The person who made our project a reality was our architect, Georg Leuzinger from Switzerland who is a friend of many years. He enthusiastically took on the task of designing our first house and workshop and guided the construction with the utmost care and dedication and an immense sense of creativity. And his commitment to our project did not end with the buildings: he even took the rsponsibility to design our tables and beds and advised us on what kind of chairs would be suitable.

Pawan Peter was George’s first assistant on this project and later shifted his input of energy to our so-called Action Group about which we’ll talk later.

Then Meena Jain took over from Peter and showed us in a short span of time that she too has a wonderfully creative mind and tireless commitment.

Next, Georg introduced us to A.Sukumar the contractor who would build our house and workshop and we could not have found a better man for this work. Not only did he carry out the construction with meticulous care and showed plenty of patience with us when we wanted to make one more change, but he also expressed the wish to be associated with our work beyond the building part and so we very happily welcomed him as one of our Trustees and his contribution proved to be valuable from then onwards.

And from one person we were led to another. Remember, Camphill is about people! Along with Sukumar came Balraj, the site engineer, who patiently coordinated between architect, clients, and labourers.

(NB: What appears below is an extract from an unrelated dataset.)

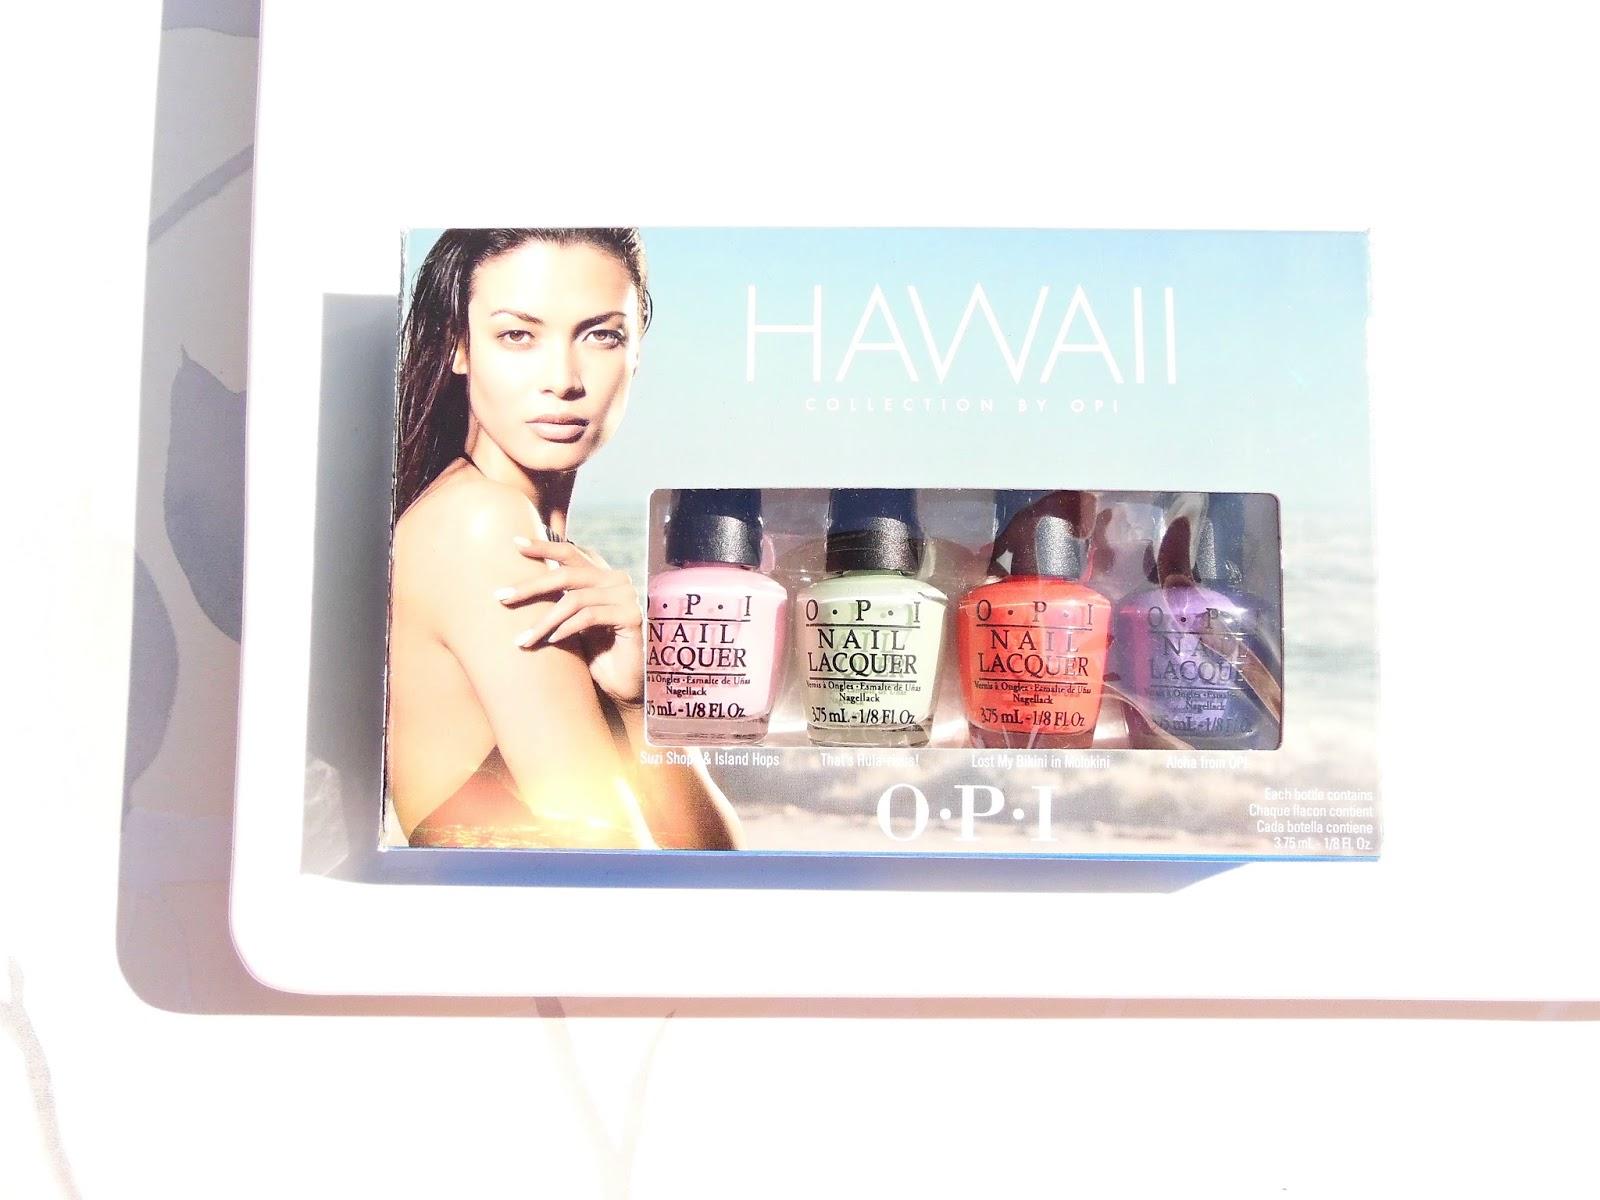 OPI Hawaii Little Hulas Mini Pack

We were aware of how much disturbance the building process must have caused for the senior citizens who so far had been living in a very peaceful neighbourhood. We did not hear many complaints from them and have lived in a fairly harmonious relationship with them ever since.

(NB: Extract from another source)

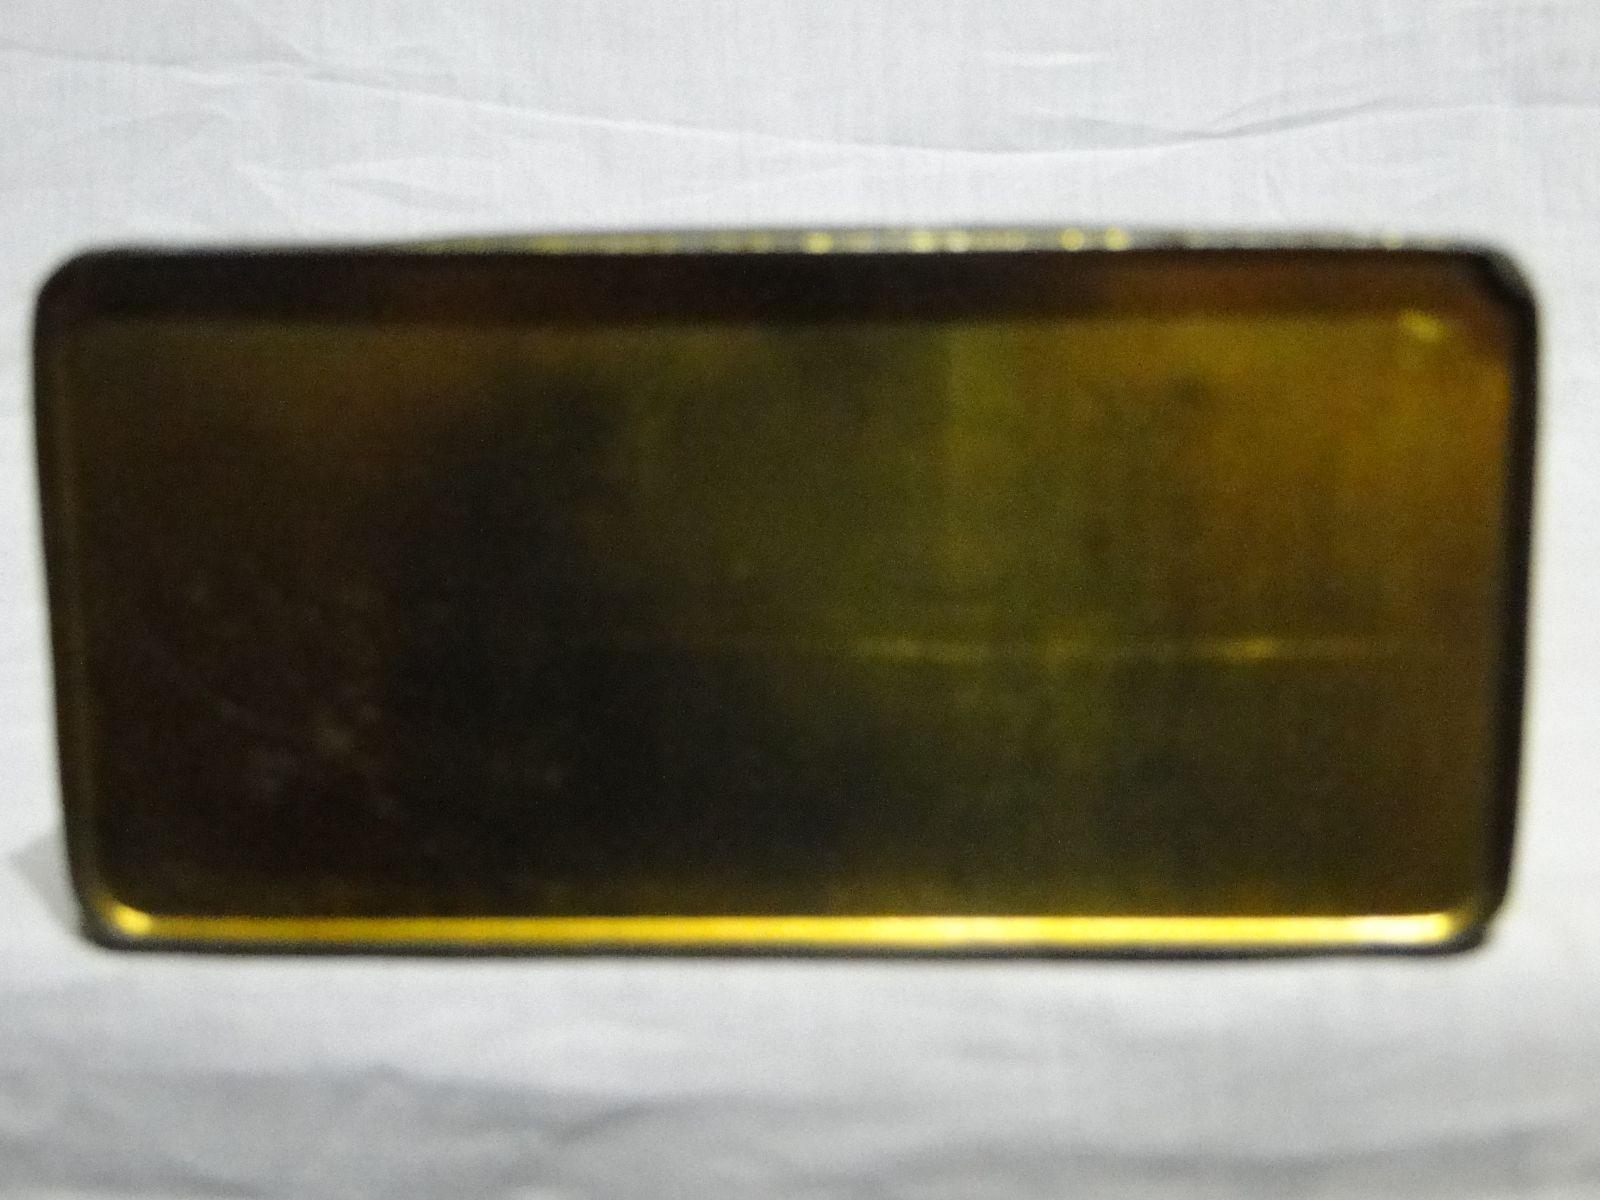 DSC01400.JPG (1600�1200)

Around July 98 we formed a small Action Group, which met frequently and discussed all the aspects of community work: fundraising, admission procedures, construction and any other matter that needed attention. In this group, we had Kalki, Ursula, Francis, Anantha, Pavan Peter, and Sajnie.

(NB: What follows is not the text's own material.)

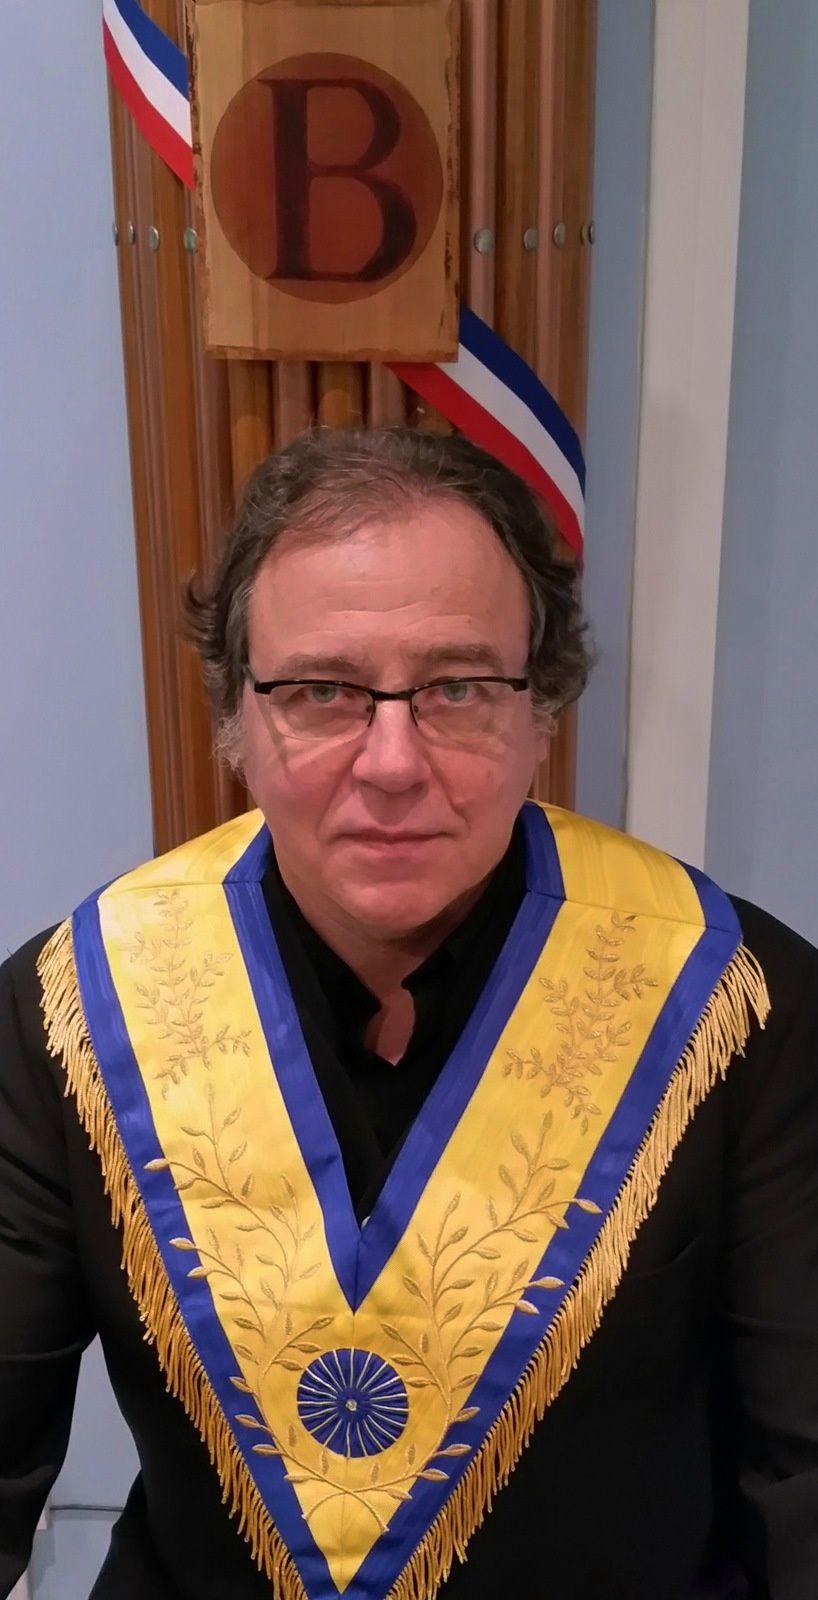 Alain Tirard, nouveau Grand Maître de la GLMU

Two more Trustees had joined us by then: Dr.C.D.Sasikumar, a retired Surgeon Vice Admiral, and B.R.Madhav Rao who is a consulting aeronautical engineer.

Regarding our Fundraising, we cannot name all those wonderful individuals in India as well as abroad who have supported us over the years, but we feel a deep sense of gratitude towards all of them and they are most certainly included in the large circle of people who make Camphill India.

There is, however, one group of supporters that we would like to mention specially. It is the Dutch Friends of Friends of Camphill India where some 200 donors have contributed most of the money that was needed for our buildings

For our fundraising activities in India we brought out our first brochure called “Not all who wander are lost” and this was made possible through the creative writing of Gene Hashmi and the beautiful photographs by Hari Das who also took care of getting the brochure printed.

Then we come to the most important people in this biographical sketch. In June 98 we started a small Day Centre in Cambridge Layout as a preparation for our residential community. And interestingly it was again Shirley, Shalu, and Adrian who joined this initiative. For a few weeks, we also had Susan Philip from Conoor with us and all of them, together with Doyita Fernandez and Raghavendra from Shimoga were to be the first residents who joined our Community from May 99 onwards


Our first co-workers were Dinesh and Shekar from Shimoga, Saji from Kerala and Ganesh from Bangalore. They started to live in the community before the house was completed and the Aradhya family joined them in April 99 to get the house and surroundings ready for the arrival of our first seven special people. The initial focus was on getting acquainted with each other, setting up a vegetable garden and starting the workshop that would later on also take in special people from the neighbouring areas.


Our dream is to transform this community into a home for around 60 people, including both developmentally challenged as well as co-workers, who will try to help each other grow and have faith in each other and their shared destinies.